§ **Work item**:
Exclude images, then output the remaining data verbatim.

§ **Provided material**:
┄┄┄┄┄┄┄┄┄┄
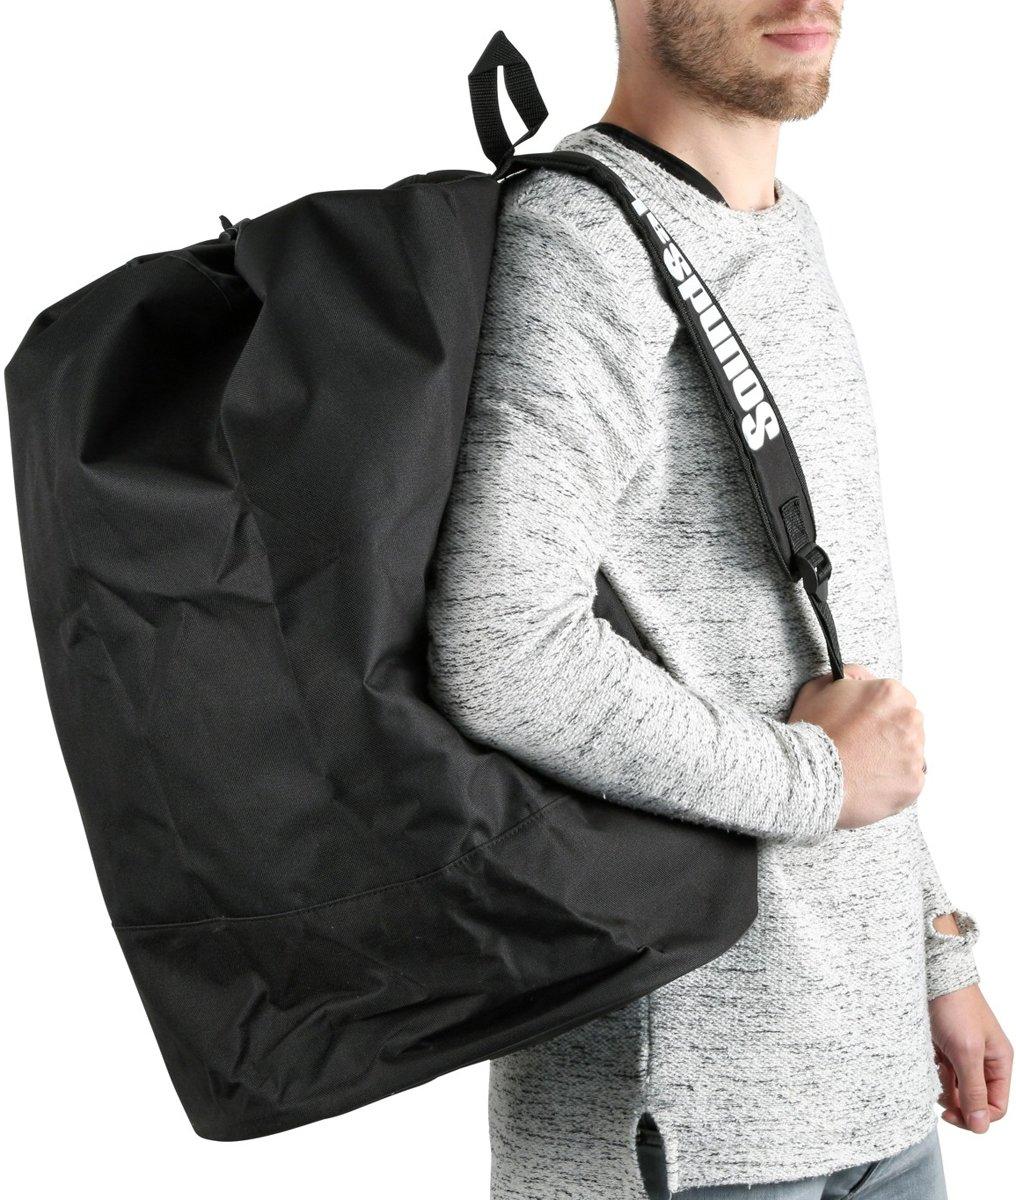 SoundSak mini Universele tas voor speakers en accessoires kopen
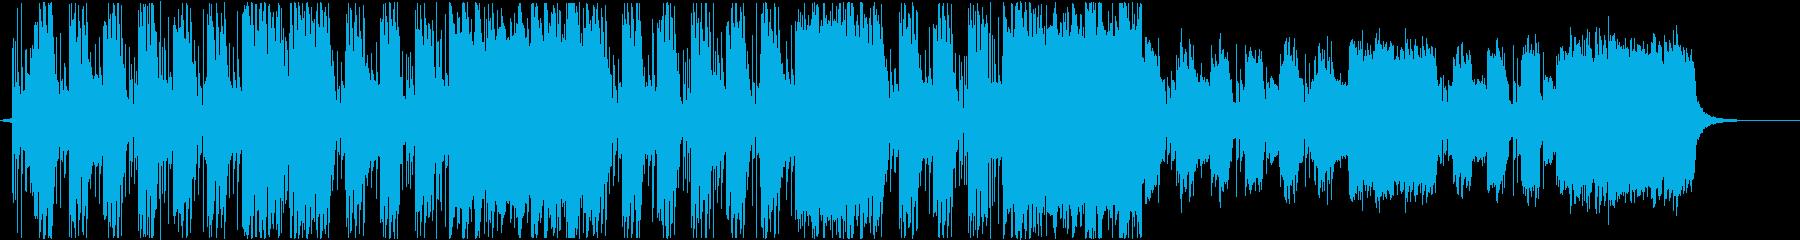 企業VP、CM系EDM 5の再生済みの波形
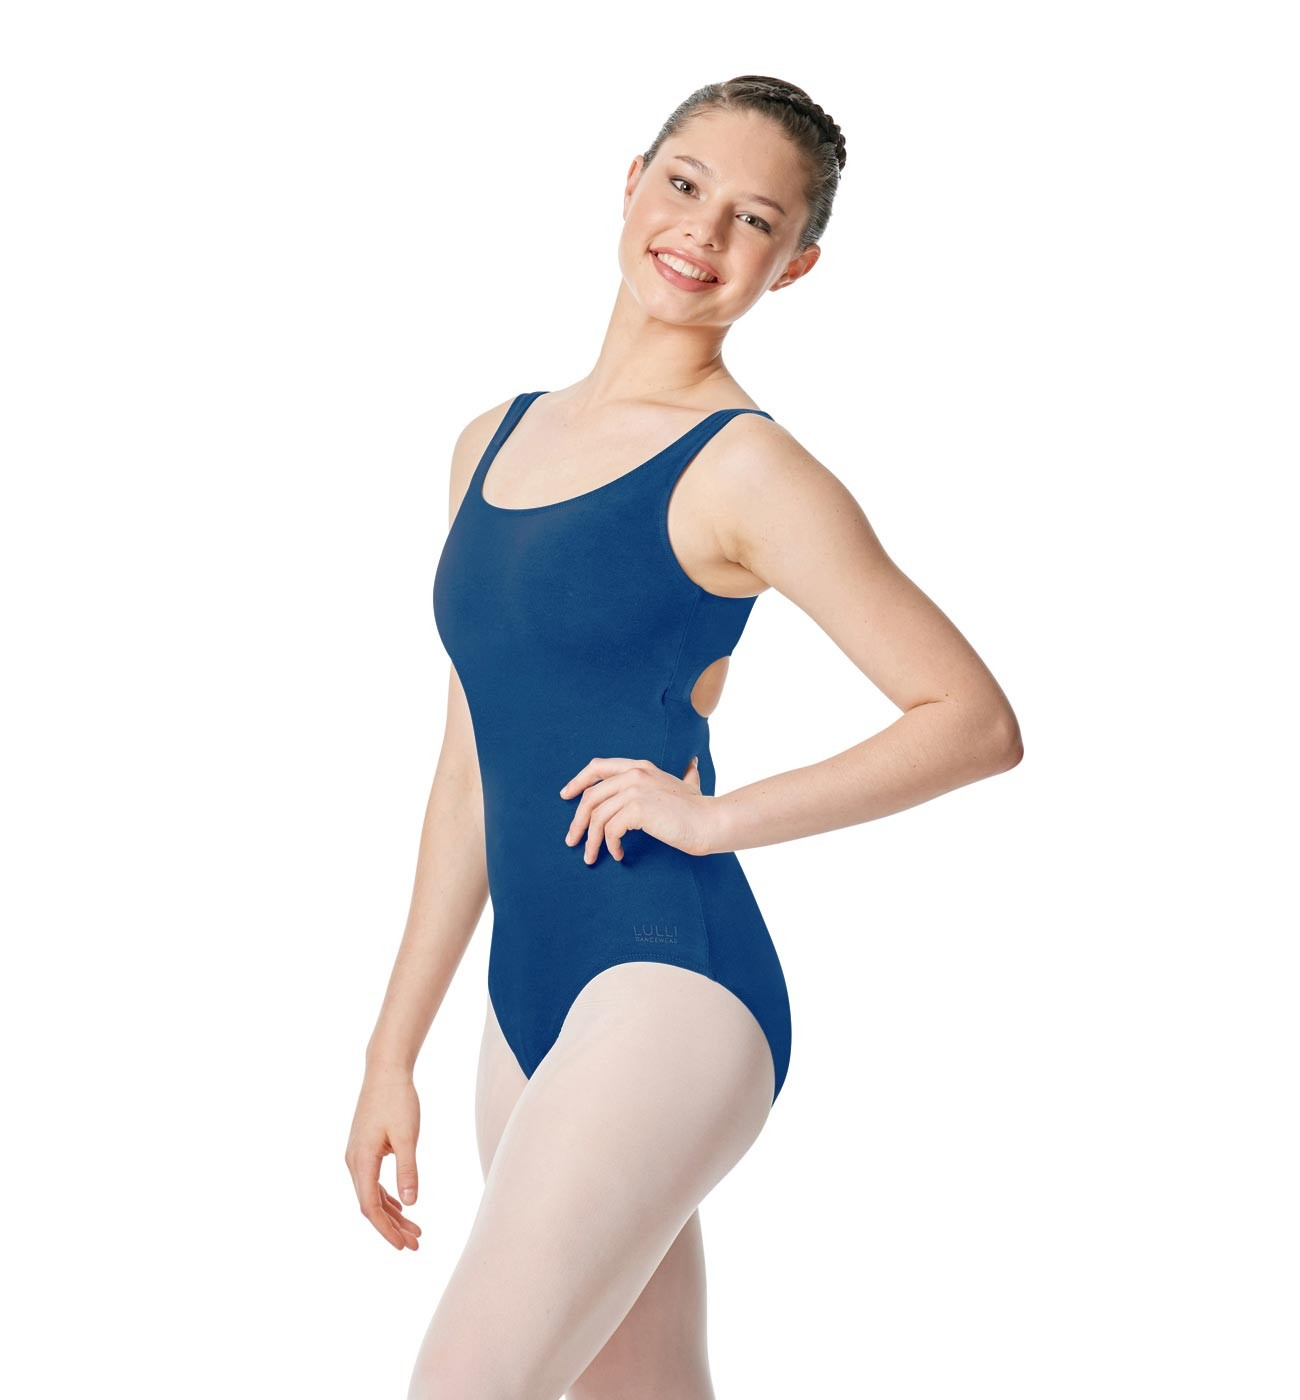 כחול בגד גוף Charlie של Lulli עם כתפיות רחבות LUB258
┄┄┄┄┄┄┄┄┄┄
§ **Answer for this exercise**:
 SoundSak mini Universele tas voor speakers en accessoires kopen
 企業VP、CM系EDM 5の再生済みの波形
 כחול בגד גוף Charlie של Lulli עם כתפיות רחבות LUB258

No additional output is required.